Personal information
- Full name: Marcos Bustillo Aquesolo
- Date of birth: 12 January 2001 (age 25)
- Place of birth: Bilbao, Spain
- Height: 1.84 m (6 ft 0 in)
- Position: Midfielder

Team information
- Current team: Eldense
- Number: 8

Youth career
- Parayas
- Bezana
- 2014–2018: Racing Santander
- 2018–2020: Bansander

Senior career*
- Years: Team / Apps / (Gls)
- 2020–2021: Tropezón / 19 / (4)
- 2021–2024: Racing B / 57 / (10)
- 2021: Racing Santander / 2 / (0)
- 2022–2023: → La Nucía (loan) / 24 / (2)
- 2024–2025: Sestao River / 36 / (3)
- 2025–: Eldense / 33 / (4)

= Marcos Bustillo =

Spanish footballer

Marcos Bustillo Aquesolo (born 12 January 2001) is a Spanish footballer who plays as a midfielder for CD Eldense.

==Career==
Born in Bilbao, Biscay, Basque Country, Bustillo moved to Cantabria at early age and began his career with CD Parayas. After subsequently playing for CD Bezana, he spent three seasons with Racing de Santander's youth sides before leaving for Club Bansander in January 2018.

In 2020, after finishing his formation, Bustillo signed for Tercera División side CD Tropezón and made his senior debut with the club. He returned to Racing in June 2021, being initially a member of the reserves in Segunda División RFEF.

After impressing with the pre-season, Bustillo first appeared with the main squad on 29 August 2021, coming on as a late substitute for Patrick Soko in a 1–0 Primera Federación home win over CD Tudelano. The following 8 July, after another first team appearance, he was loaned to CF La Nucía in the third division, for one year.
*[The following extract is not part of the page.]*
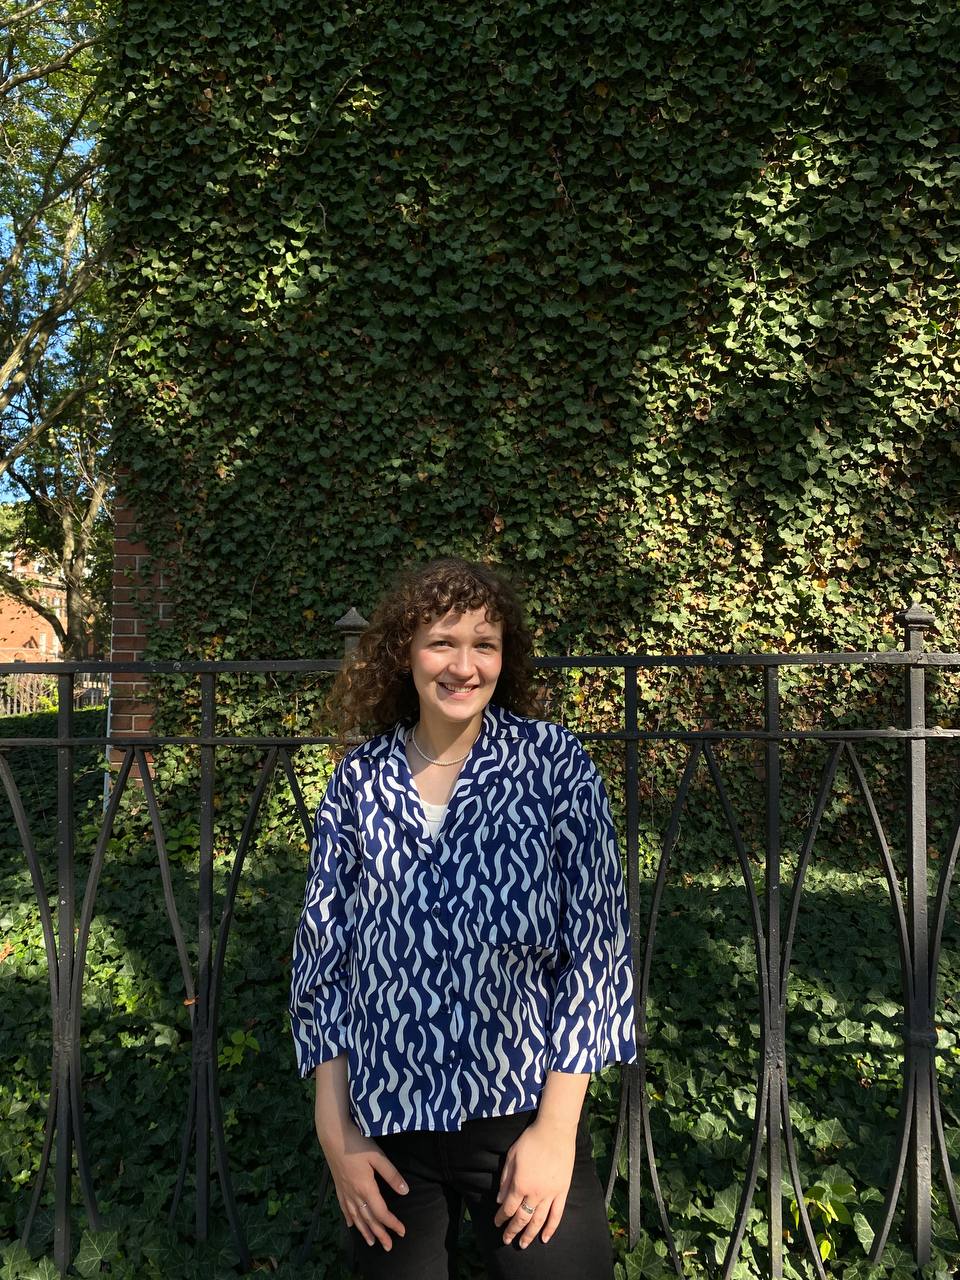 Woman with curly hair wearing a blue and white shirt in front of trees and a fence

Back to Racing in July 2023, Bustillo returned to the B-team in the fourth tier and was promoted to the main squad the following June. However, after being deemed surplus to requirements by manager José Alberto, he moved to Sestao River Club on 3 July 2024.
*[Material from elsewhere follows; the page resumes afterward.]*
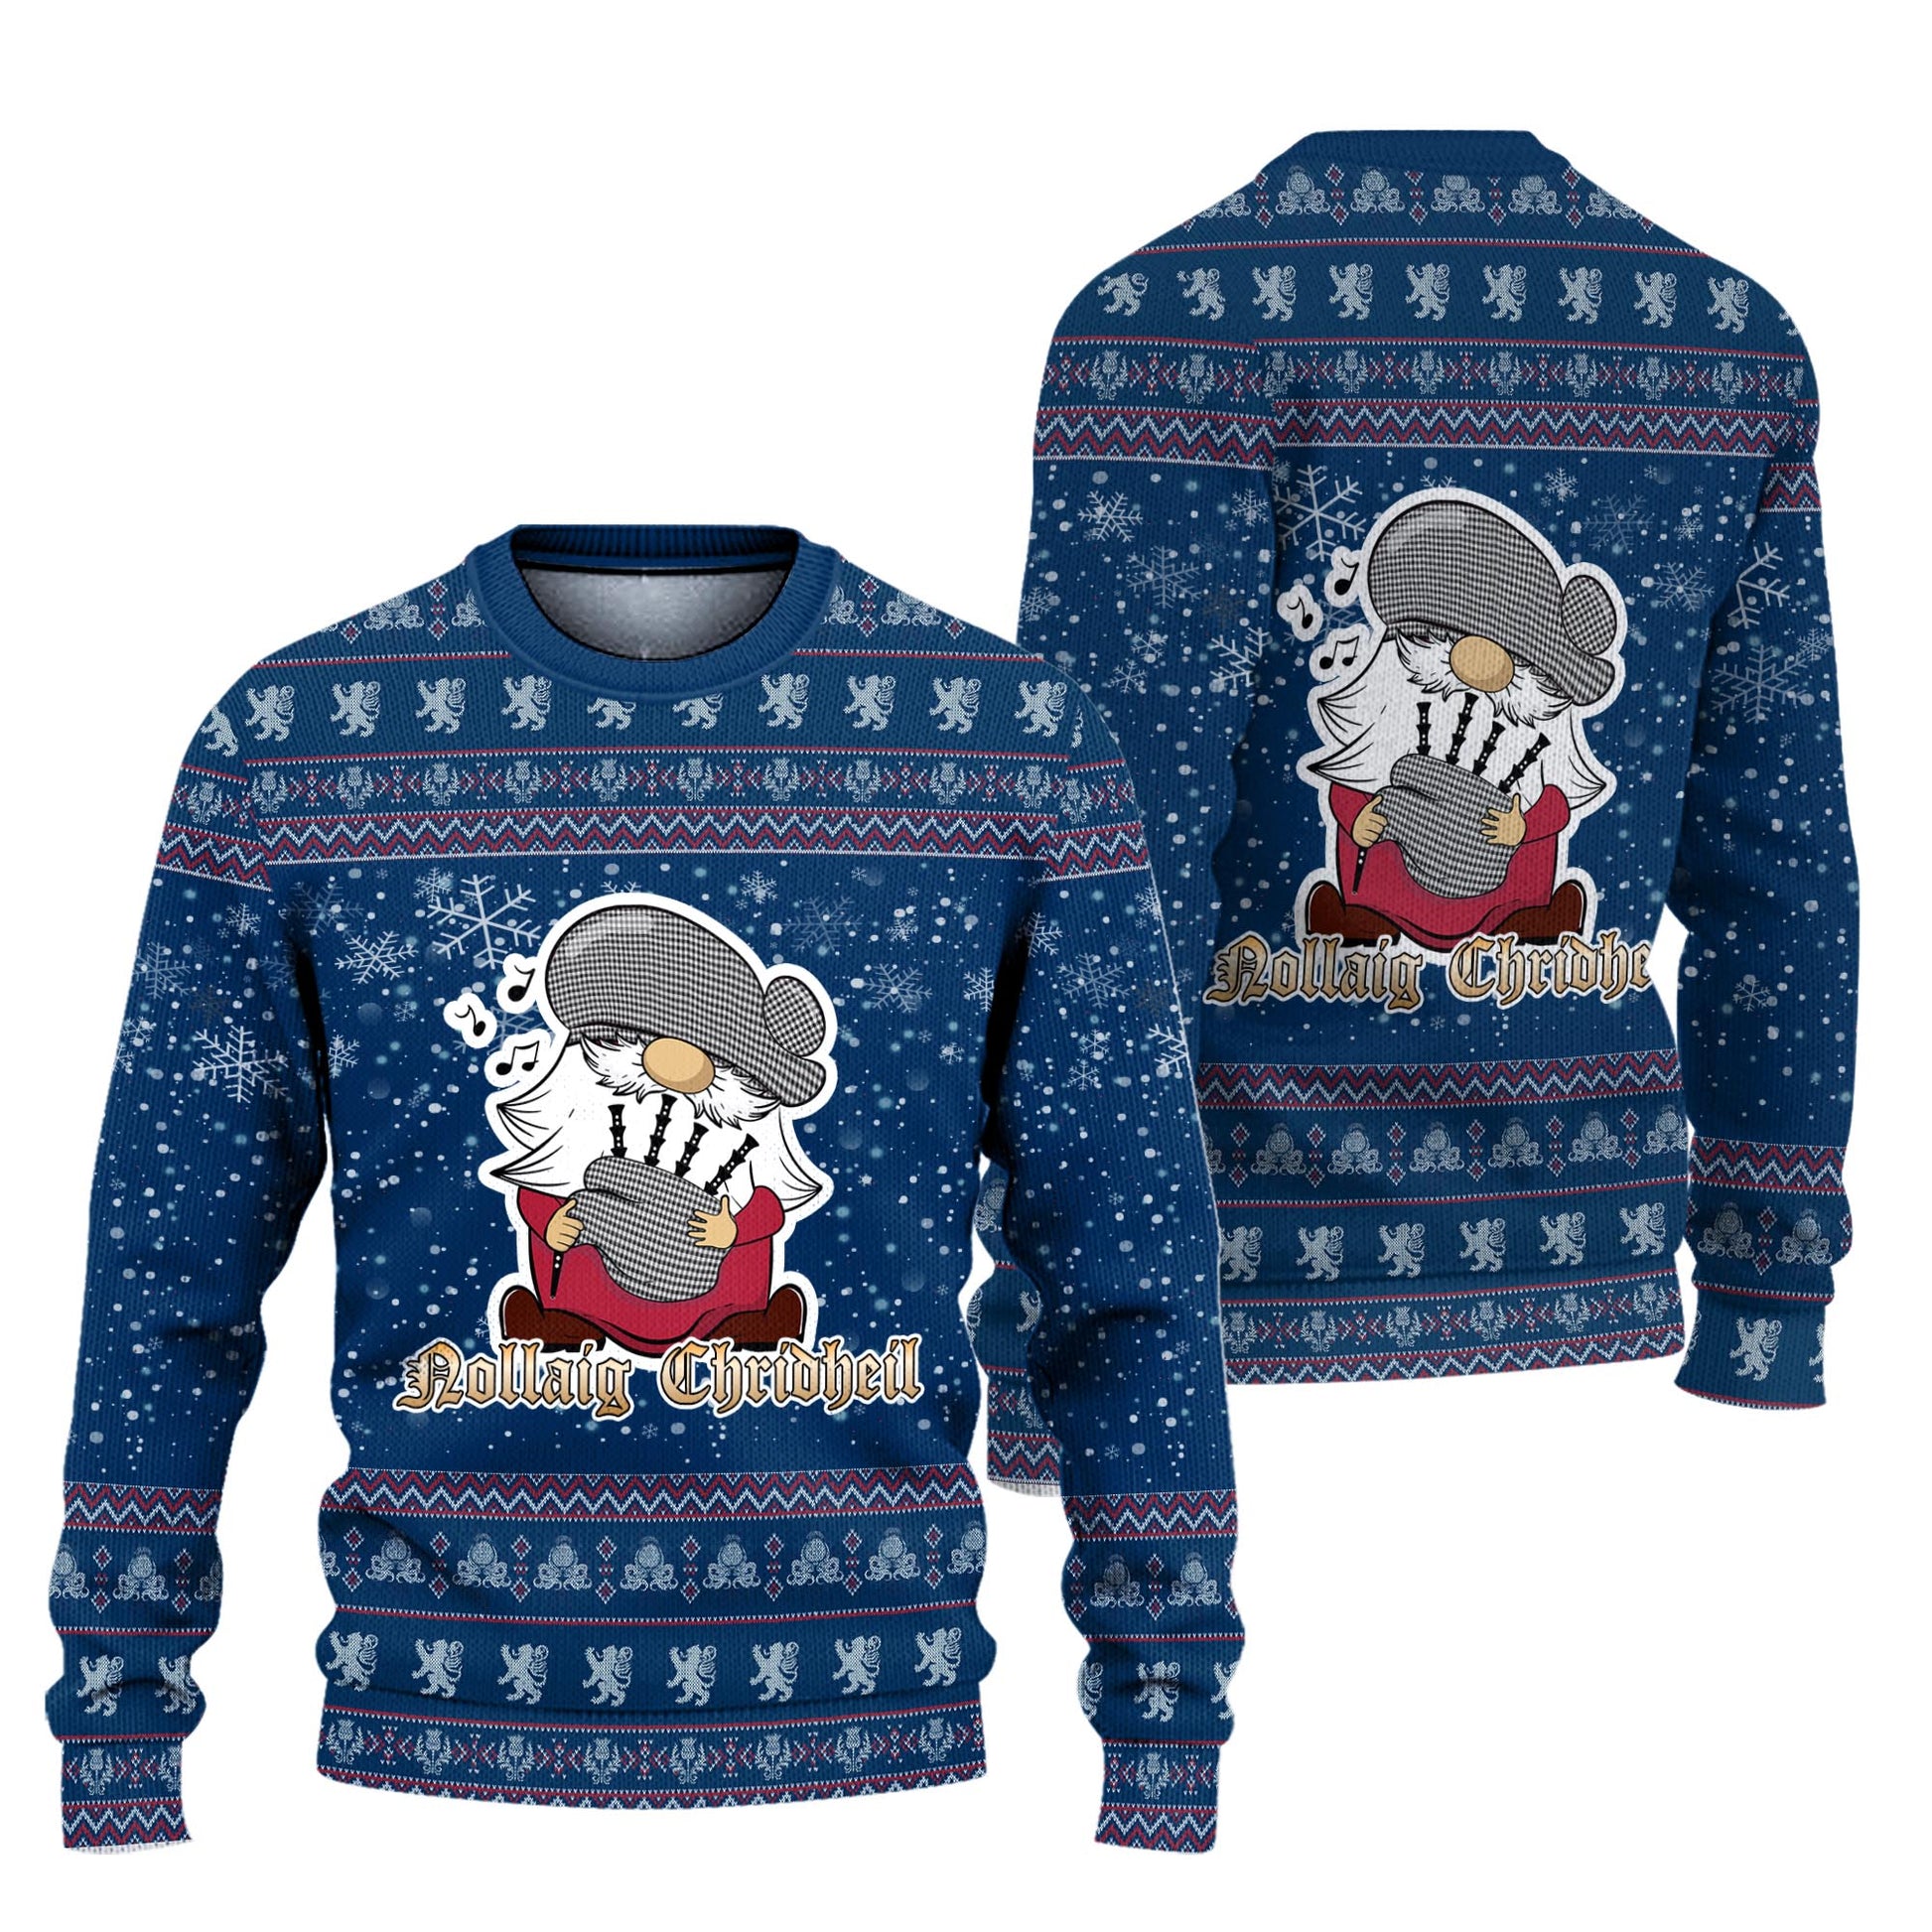 Shepherd Clan Christmas Family Knitted Sweater with Funny Gnome Playing Bagpipes Unisex Blue - Tartanvibesclothing

On 2 July 2025, Bustillo signed a one-year contract with CD Eldense also in the third division. The following 19 June, after contributing with five goals in 35 matches overall during the campaign as the club achieved promotion to Segunda División, he agreed to a one-year extension.

Bustillo made his professional debut on 17 August 2026, starting in a 3–0 away loss to UD Almería.